With federal maternal health database in limbo, a risk to mother and infant health

For nearly four decades, data from the Pregnancy Risk Assessment Monitoring System (PRAMS) has provided insights for improving the health of mothers and their babies. Overseen by the Division of Reproductive Health at the Centers for Disease Control and Prevention (CDC), PRAMS uses survey information collected by 46 participating state health departments from women soon after they give birth. In April 2025, the entire CDC team managing PRAMS was placed on administrative leave before it could release 2023 data. At least one state has suspended data collection for PRAMS (Mississippi, in September) and the future of the national database remains uncertain.
Rita Hamad, professor of social epidemiology and public policy at Harvard T.H. Chan School of Public Health, has used the dataset to examine questions such as the impact of paid family leave policies on rates of postpartum depression. She recently spoke about how losing PRAMS puts the health of mothers and infants in the U.S. at risk, and how she hopes to help keep PRAMS data accessible.
Q: Why is PRAMS important?
A: It’s the only national long-term survey we have in the U.S. on the prenatal and postpartum period. That makes it a really critical resource for studying maternal and child health. There are so many opportunities to answer important policy-relevant research questions using this rich dataset. My team has used PRAMS data in more than 10 studies looking at the effects of social and economic policies on health.
Data is not always a sexy topic, but we know that we need data to understand trends in health and risk factors for poor health. We also need data to understand what interventions and policies are working, and for whom. All of these questions will be almost impossible to figure out in the absence of the national PRAMS dataset.
Q: Who is affected by the loss of PRAMS data?
A: PRAMS is not just something for researchers at universities to use.

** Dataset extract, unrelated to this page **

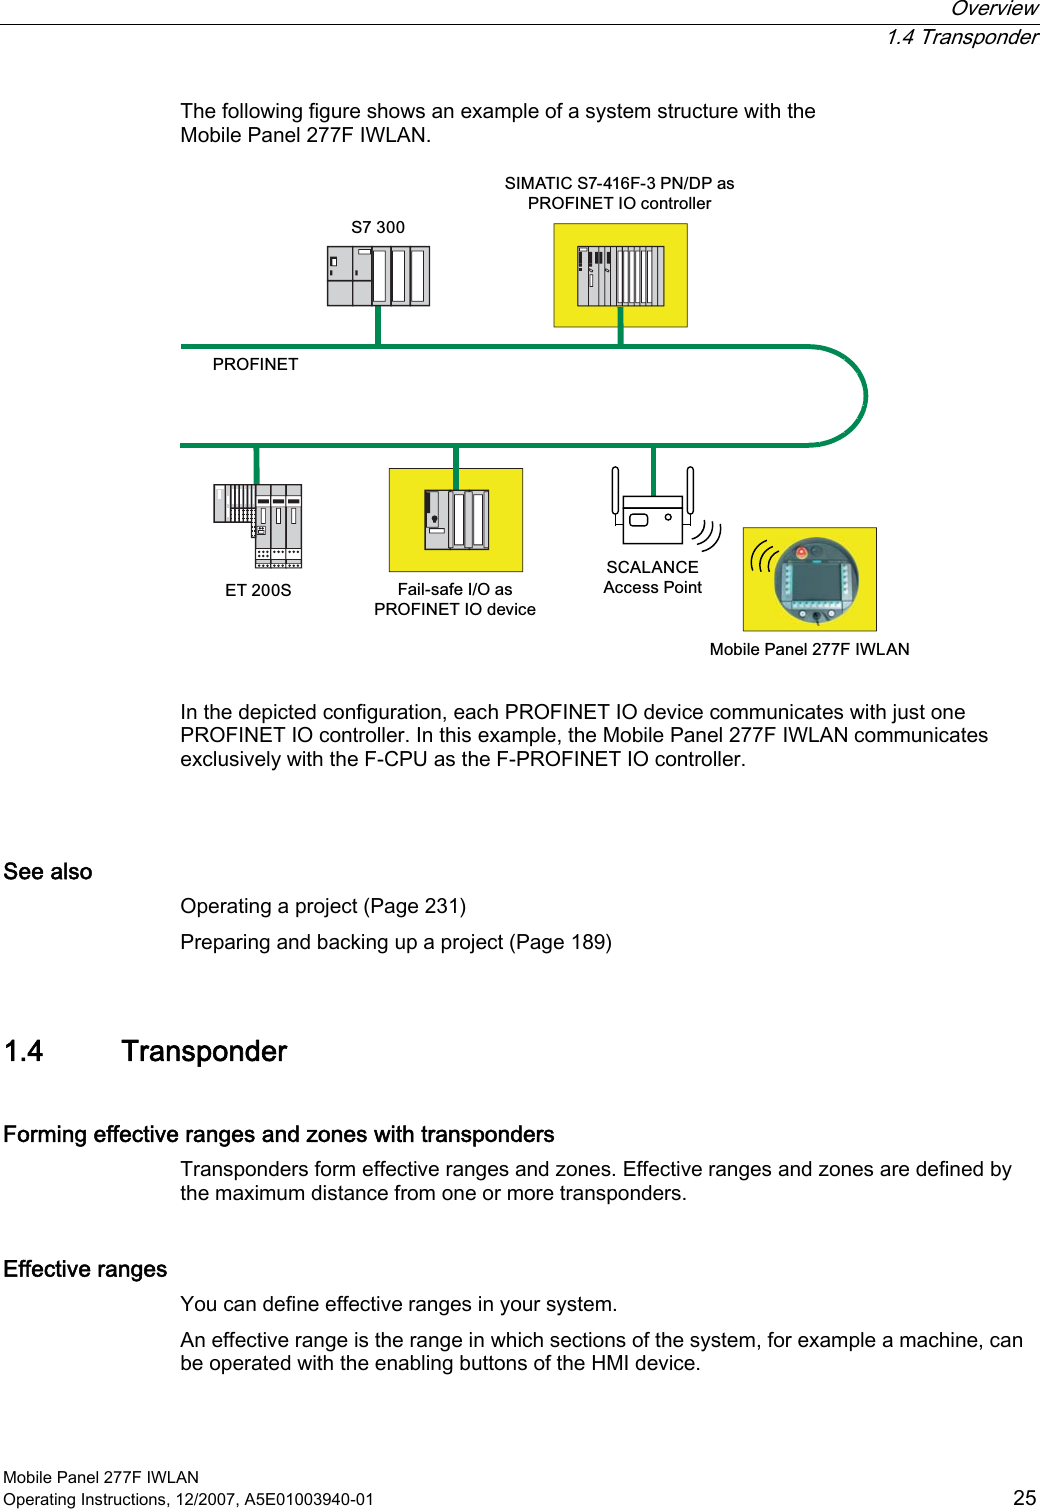  Overview  1.4 Transponder Mobile Panel 277F IWLAN Operating Instructions, 12/2007, A5E01003940-01  25 The following figure shows an example of a system structure with the Mobile Panel 277F IWLAN. 6(76352),1(70RELOH3DQHO),:/$16&amp;$/$1&amp;($FFHVV3RLQW6,0$7,&amp;6)31&apos;3DV352),1(7,2FRQWUROOHU)DLOVDIH,2DV352),1(7,2GHYLFH  In the depicted configuration, each PROFINET IO device communicates with just one PROFINET IO controller. In this example, the Mobile Panel 277F IWLAN communicates exclusively with the F-CPU as the F-PROFINET IO controller.  See also Operating a project (Page 231) Preparing and backing up a project (Page 189) 1.4 Transponder Forming effective ranges and zones with transponders Transponders form effective ranges and zones. Effective ranges and zones are defined by the maximum distance from one or more transponders. Effective ranges  You can define effective ranges in your system. An effective range is the range in which sections of the system, for example a machine, can be operated with the enabling buttons of the HMI device. 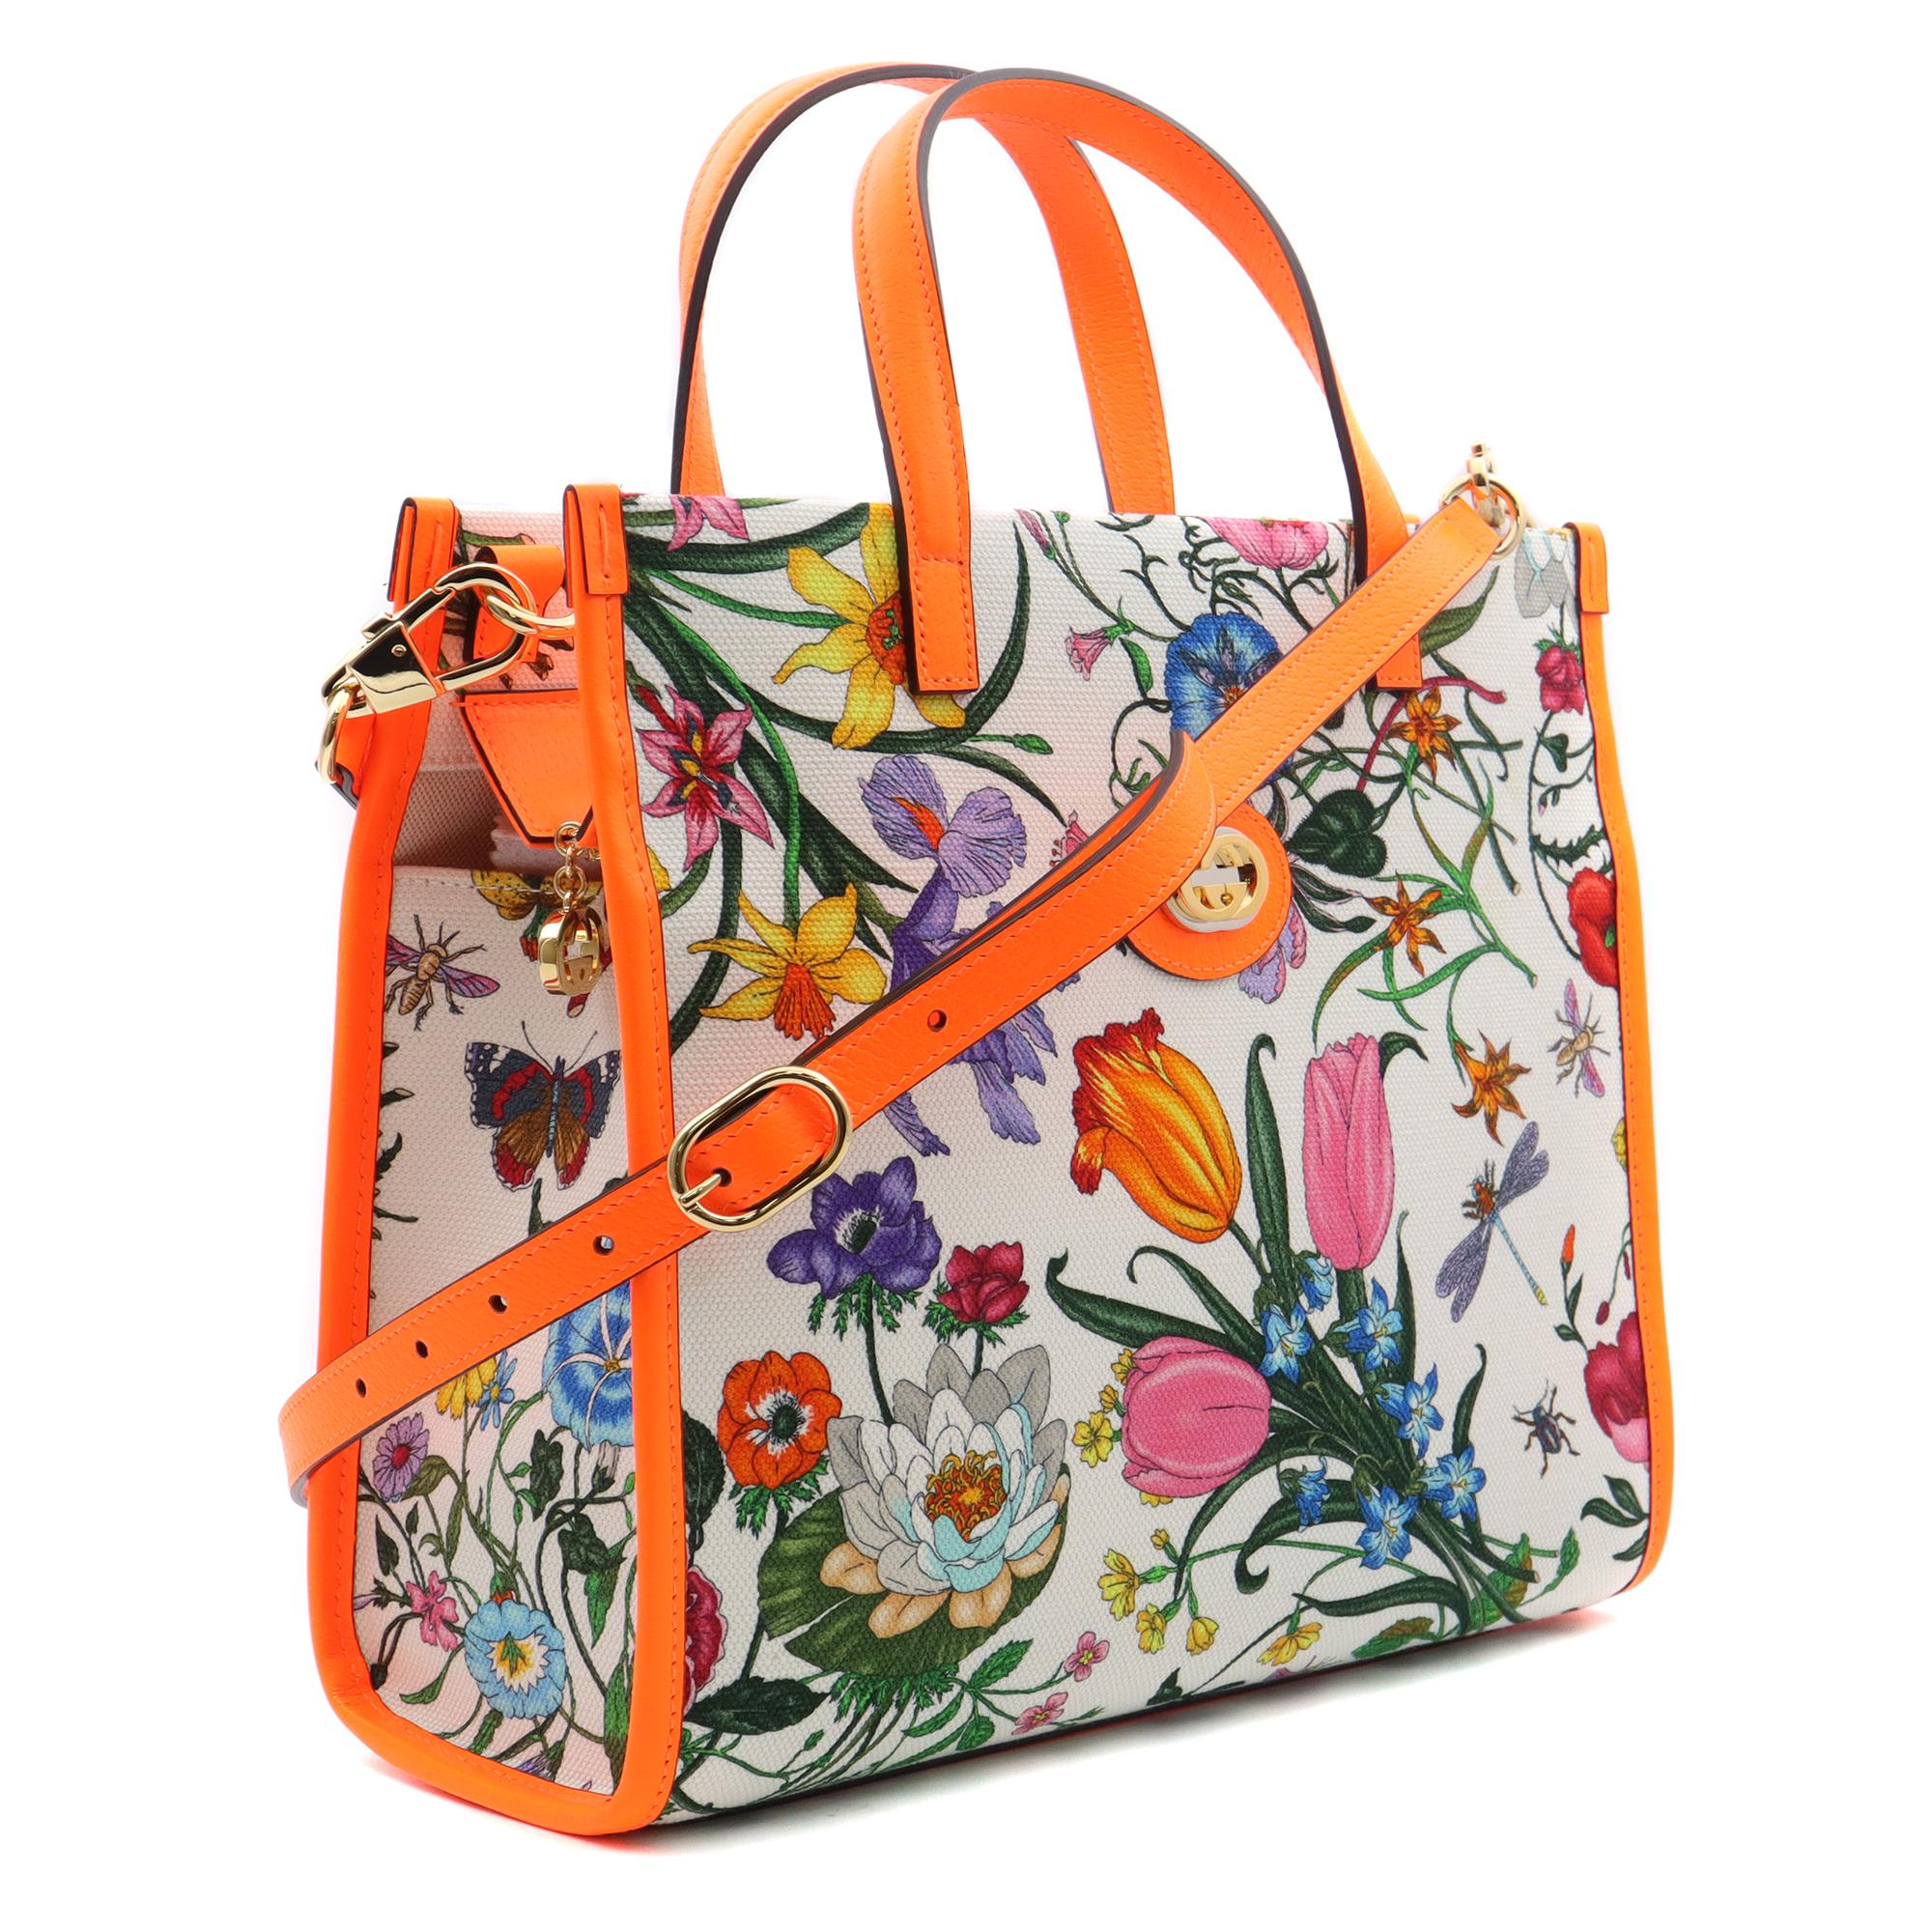 Presented on a tote bag in canvas, the historic Floral motif continues to influence the House. Originally depicted by Italian artist Vittorio Accornero, the design has undergone several reinventions and is brought to the forefront in the Cruise 2019

The CDC processes PRAMS data for the states so that the states can then use it to inform their policies and programs. After the CDC PRAMS team was eliminated, we received an email from a state health department that no longer had access to the data and was looking for help.
Recently, I was interviewed in a Guardian article about Mississippi stopping PRAMS data collection. That same article noted that Mississippi has declared that infant mortality is a public health emergency in the state. The irony is that PRAMS is exactly the kind of data that you want to use in that situation to understand the possible causes, what circumstances have changed for mothers in the state, and how Mississippi compares to other states in the region.
Without data, we can’t fix problems. I can’t overstate how bad losing PRAMS will be for maternal and child health in the U.S.
Q: If other states keep collecting PRAMS data but there is no team at the CDC to manage it, what is your team prepared to do?
A: Without CDC staff at the national level to gather, clean, and release the data, it’s going to be a very fractured and labor-intensive process for researchers. So, my team is prepared to do the work that the CDC team was doing. We’ve reached out to a handful of participating states, and some have already agreed to share their data once we submit our applications. Ideally, the states will also agree that we can then share the dataset with other researchers, because it’s very burdensome on both researchers and state agencies to have to deal with individual requests.
At the moment, we’re looking for funding to be able to do this work. The stakes are too high to let a resource like PRAMS disappear, with the well-being of mothers and babies at risk. We’ve used these data more than almost any other research team in the country, so we know we have the expertise to surmount these logistic hurdles.